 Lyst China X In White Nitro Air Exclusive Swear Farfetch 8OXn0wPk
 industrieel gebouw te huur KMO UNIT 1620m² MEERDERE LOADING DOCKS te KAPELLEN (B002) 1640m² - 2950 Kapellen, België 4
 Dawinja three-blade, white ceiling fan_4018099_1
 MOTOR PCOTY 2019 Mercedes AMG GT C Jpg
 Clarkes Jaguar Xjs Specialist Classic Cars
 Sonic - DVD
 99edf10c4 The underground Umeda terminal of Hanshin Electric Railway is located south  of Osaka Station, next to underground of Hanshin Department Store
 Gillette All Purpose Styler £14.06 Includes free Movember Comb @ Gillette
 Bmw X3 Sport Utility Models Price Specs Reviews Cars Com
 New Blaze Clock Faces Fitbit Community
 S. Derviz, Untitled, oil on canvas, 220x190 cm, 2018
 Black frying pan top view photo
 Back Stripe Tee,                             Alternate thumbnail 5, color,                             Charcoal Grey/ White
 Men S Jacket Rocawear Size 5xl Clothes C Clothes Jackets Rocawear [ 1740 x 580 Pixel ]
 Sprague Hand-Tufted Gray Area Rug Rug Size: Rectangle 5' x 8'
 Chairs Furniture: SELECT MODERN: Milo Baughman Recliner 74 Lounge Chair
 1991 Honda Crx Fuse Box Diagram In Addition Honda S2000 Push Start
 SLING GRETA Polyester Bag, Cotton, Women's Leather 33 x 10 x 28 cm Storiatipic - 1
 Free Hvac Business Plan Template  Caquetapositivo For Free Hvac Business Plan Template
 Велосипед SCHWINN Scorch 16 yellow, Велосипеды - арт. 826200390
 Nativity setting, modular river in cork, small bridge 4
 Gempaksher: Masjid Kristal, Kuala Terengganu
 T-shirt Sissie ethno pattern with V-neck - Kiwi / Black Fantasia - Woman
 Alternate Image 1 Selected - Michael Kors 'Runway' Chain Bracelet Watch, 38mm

--------------------

### [What you are asked to do]
Would you print exactly the lines from the first line of the entries above through the line that has "MOTOR PCOTY 2019 Mercedes AMG GT C Jpg", both included, and stop there?

### [Completed exercise]
 Lyst China X In White Nitro Air Exclusive Swear Farfetch 8OXn0wPk
 industrieel gebouw te huur KMO UNIT 1620m² MEERDERE LOADING DOCKS te KAPELLEN (B002) 1640m² - 2950 Kapellen, België 4
 Dawinja three-blade, white ceiling fan_4018099_1
 MOTOR PCOTY 2019 Mercedes AMG GT C Jpg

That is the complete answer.